– Где ж ты была, когда научный корпус одобрял его тему? – с горечью посетовал он.
– Где-то на северной стороне, каталась по Синему Мысу и пыталась продать свои наработки. Потому что на публикацию хотя бы в «Пташке науки» накопить не удавалось, не то, что в «Вестник Биоэнергетики». Так, а что в итоге доказал Дилан?
– Ничего. У него не получилось. Все именно так, как ты сказала – он целый год насиловал лабораторию с чашами Казара, извел цистерну с жидкой Виной, и никакого выхлопа. Отчеты были настолько пустыми, что у него отобрали грант, исследование заморозили а самого оставили дорабатывать заключенный на три года контракт на должности ассистента. И то, только потому что юридически выгнать его было дороже.
– Ого… – кошка озабоченно поставила руки в бока. – Замечала я, что он та еще бестолочь, но если б знала насколько, то вообще не дала б ему в руки ничего сложнее швабры.
– Ну… что уж теперь сожалеть? – саркастично развел руками пес.
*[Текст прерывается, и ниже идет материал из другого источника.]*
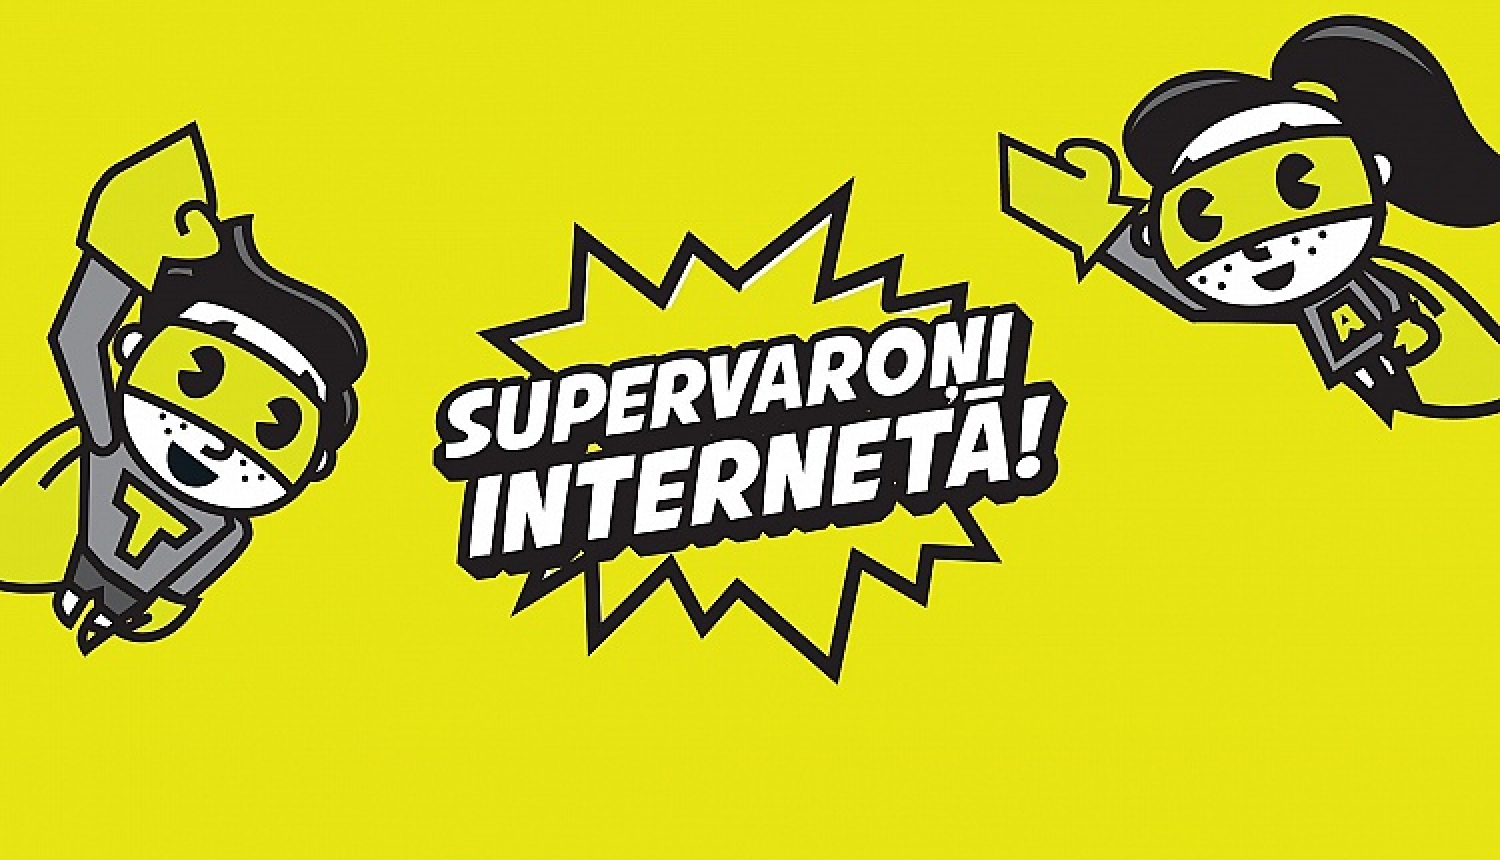 Atklās medijpratības un bērnu drošības internetā kampaņu “Supervaroņi internetā”

Кира пристыженно оформила на лице горестное выражение в память о безвременно почившем Дилане. – Но суть – он ненавидел тебя. Это раньше была его лаборатория.
– Да, так понятно почему, весомый мотив.
– Что до зомбиводца… он мог быть просто психопатом. Обиделся на то, что не получил тебя еще с Ганолвата.
Она согласно кивнула, вздохнула и задумчиво посмотрела за окно на густую оранжевую осень.
– Как будто призрак ненависти слепо рыщет вокруг, переходит из одного тела в другое и пытается до меня добраться… – задумчиво протянула кошка.
Так или иначе, но Кирин призрак затаился и никак себя не проявлял все это время. Тем не менее, вероломный прорыв Дилана и последующее нападение собственного бойфренда негативно сказались на девушке. Кошка начала нервничать в публичных местах. Ее перекрывала паникой мысль, что кто-то из зрителей в любую секунду может распаковаться в воющий черный студень и не только поймать и убить ее, но и всех окружающих заодно. Несколько раз она даже уходила с середины спектакля, потому что никак не могла справиться с беспокойством. Пес ничего не мог сделать для нее в этом отношении – только быть рядом.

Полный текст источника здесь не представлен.